We can look at some of the steps along the way.
gcc -S simple.c
just compiles the C into assembly, but doesn’t translate that into machine code.
pi@raspberrypi:~ $ ls -l
total 20
-rwxr-xr-x 1 pi pi 7912 Dec 11 15:30 a.out
-rw-r--r-- 1 pi pi 53 Dec 11 14:42 simple.c
-rw-r--r-- 1 pi pi 852 Dec 11 15:30 simple.o
-rw-r--r-- 1 pi pi 807 Dec 11 14:56 simple.s
Here are the contents of simple.s.
pi@raspberrypi:~ $ cat simple.s
.arch armv6
.eabi_attribute 28, 1
.eabi_attribute 20, 1
.eabi_attribute 21, 1
.eabi_attribute 23, 3
.eabi_attribute 24, 1
.eabi_attribute 25, 1
.eabi_attribute 26, 2
.eabi_attribute 30, 6
.eabi_attribute 34, 1
.eabi_attribute 18, 4
.file "simple.c"
.text
.align 2
.global main
.arch armv6
.syntax unified
.arm
.fpu vfp
.type main, %function
main:
@ args = 0, pretend = 0, frame = 8
@ frame_needed = 1, uses_anonymous_args = 0
@ link register save eliminated.
str fp, [sp, #-4]!
add fp, sp, #0
sub sp, sp, #12
mov r3, #255
str r3, [fp, #-8]
ldr r3, [fp, #-8]
add r3, r3, #43520
add r3, r3, #170
str r3, [fp, #-8]
nop
add sp, fp, #0
@ sp needed
ldr fp, [sp], #4
bx lr
.size main, .-main
.ident "GCC: (Raspbian 8.3.0-6+rpi1) 8.3.0"

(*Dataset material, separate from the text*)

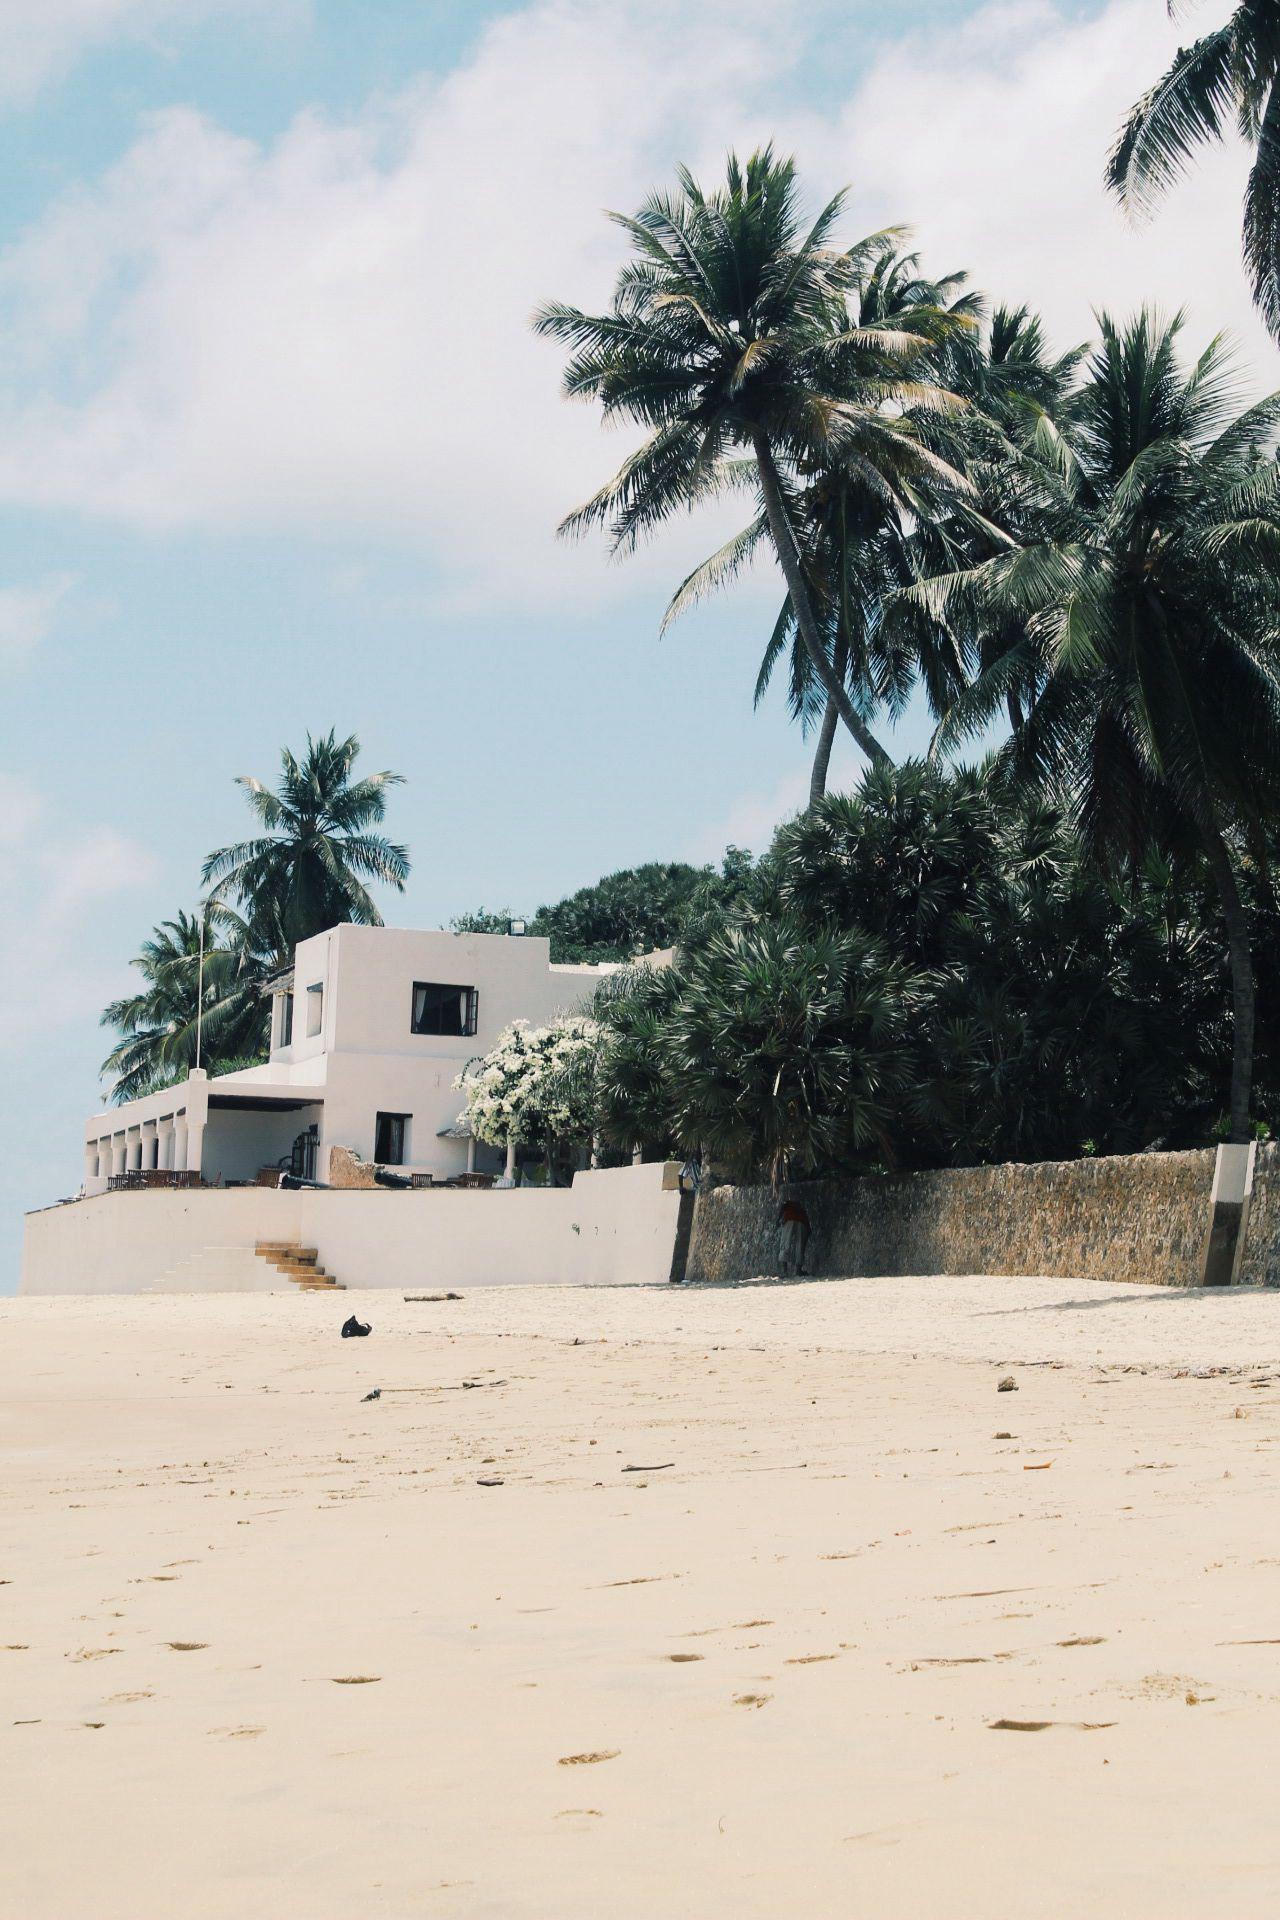 Peponi Hotel, Lamu Island #island #kenya #africa Photo: SB

.section .note.GNU-stack,"",%progbits
The lines that start with @
are just comments.
The crux of the program is in three lines
mov r3, #255
...
add r3, r3, #43520
add r3, r3, #170
Note that 43520 is the same as 0xAA00, and 170 is the same as 0x00AA.

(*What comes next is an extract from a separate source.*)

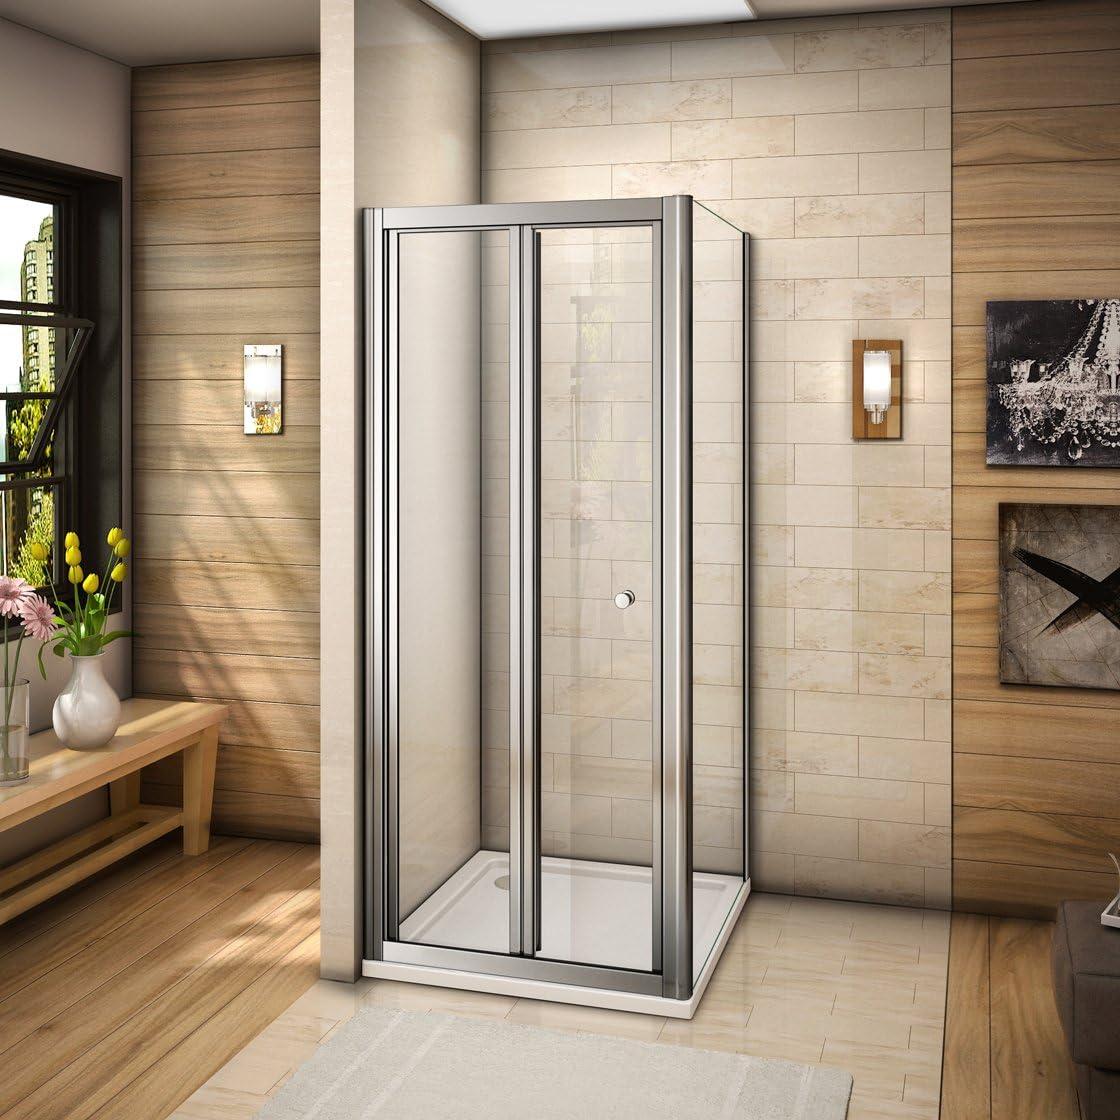 Mamparas de ducha cabina de ducha plegable puerta + lateral fijo ...

All the sp and fp stuff deal with stack pointer and frame pointer, respectively. The last line bx lr
just means “return from the function using the address in the link register.” (bx
stands for “branch and exchange.”)
gcc -c simple.c
compiles the C code to assembly, and then translates that into machine code.
pi@raspberrypi:~ $ xxd simple.o
00000000: 7f45 4c46 0101 0100 0000 0000 0000 0000 .ELF............
00000010: 0100 2800 0100 0000 0000 0000 0000 0000 ..(.............
00000020: c401 0000 0000 0005 3400 0000 0000 2800 ........4.....(.
00000030: 0a00 0900 04b0 2de5 00b0 8de2 0cd0 4de2 ......-.......M.
00000040: ff30 a0e3 0830 0be5 0830 1be5 aa3c 83e2 .0...0...0...<..
00000050: aa30 83e2 0830 0be5 0000 a0e1 00d0 8be2 .0...0..........
00000060: 04b0 9de4 1eff 2fe1 0047 4343 3a20 2852 ....../..GCC: (R
00000070: 6173 7062 6961 6e20 382e 332e 302d 362b aspbian 8.3.0-6+
00000080: 7270 6931 2920 382e 332e 3000 412e 0000 rpi1) 8.3.0.A...
00000090: 0061 6561 6269 0001 2400 0000 0536 0006 .aeabi..$....6..
000000a0: 0608 0109 010a 0212 0414 0115 0117 0318 ................
000000b0: 0119 011a 021c 011e 0622 0100 0000 0000 ........."......
000000c0: 0000 0000 0000 0000 0000 0000 0100 0000 ................
000000d0: 0000 0000 0000 0000 0400 f1ff 0000 0000 ................
000000e0: 0000 0000 0000 0000 0300 0100 0000 0000 ................
000000f0: 0000 0000 0000 0000 0300 0200 0000 0000 ................
00000100: 0000 0000 0000 0000 0300 0300 0a00 0000 ................
00000110: 0000 0000 0000 0000 0000 0100 0000 0000 ................
00000120: 0000 0000 0000 0000 0300 0500 0000 0000 ................
00000130: 0000 0000 0000 0000 0300 0400 0000 0000 ................
00000140: 0000 0000 0000 0000 0300 0600 0d00 0000 ................
00000150: 0000 0000 3400 0000 1200 0100 0073 696d ....4........sim
00000160: 706c 652e 6300 2461 006d 6169 6e00 002e ple.c.$a.main...
00000170: 7379 6d74 6162 002e 7374 7274 6162 002e symtab..strtab..
00000180: 7368 7374 7274 6162 002e 7465 7874 002e shstrtab..text..
00000190: 6461 7461 002e 6273 7300 2e63 6f6d 6d65 data..bss..comme
000001a0: 6e74 002e 6e6f 7465 2e47 4e55 2d73 7461 nt..note.GNU-sta
000001b0: 636b 002e 4152 4d2e 6174 7472 6962 7574 ck..ARM.attribut
000001c0: 6573 0000 0000 0000 0000 0000 0000 0000 es..............
000001d0: 0000 0000 0000 0000 0000 0000 0000 0000 ................
000001e0: 0000 0000 0000 0000 0000 0000 1b00 0000 ................
000001f0: 0100 0000 0600 0000 0000 0000 3400 0000 ............4...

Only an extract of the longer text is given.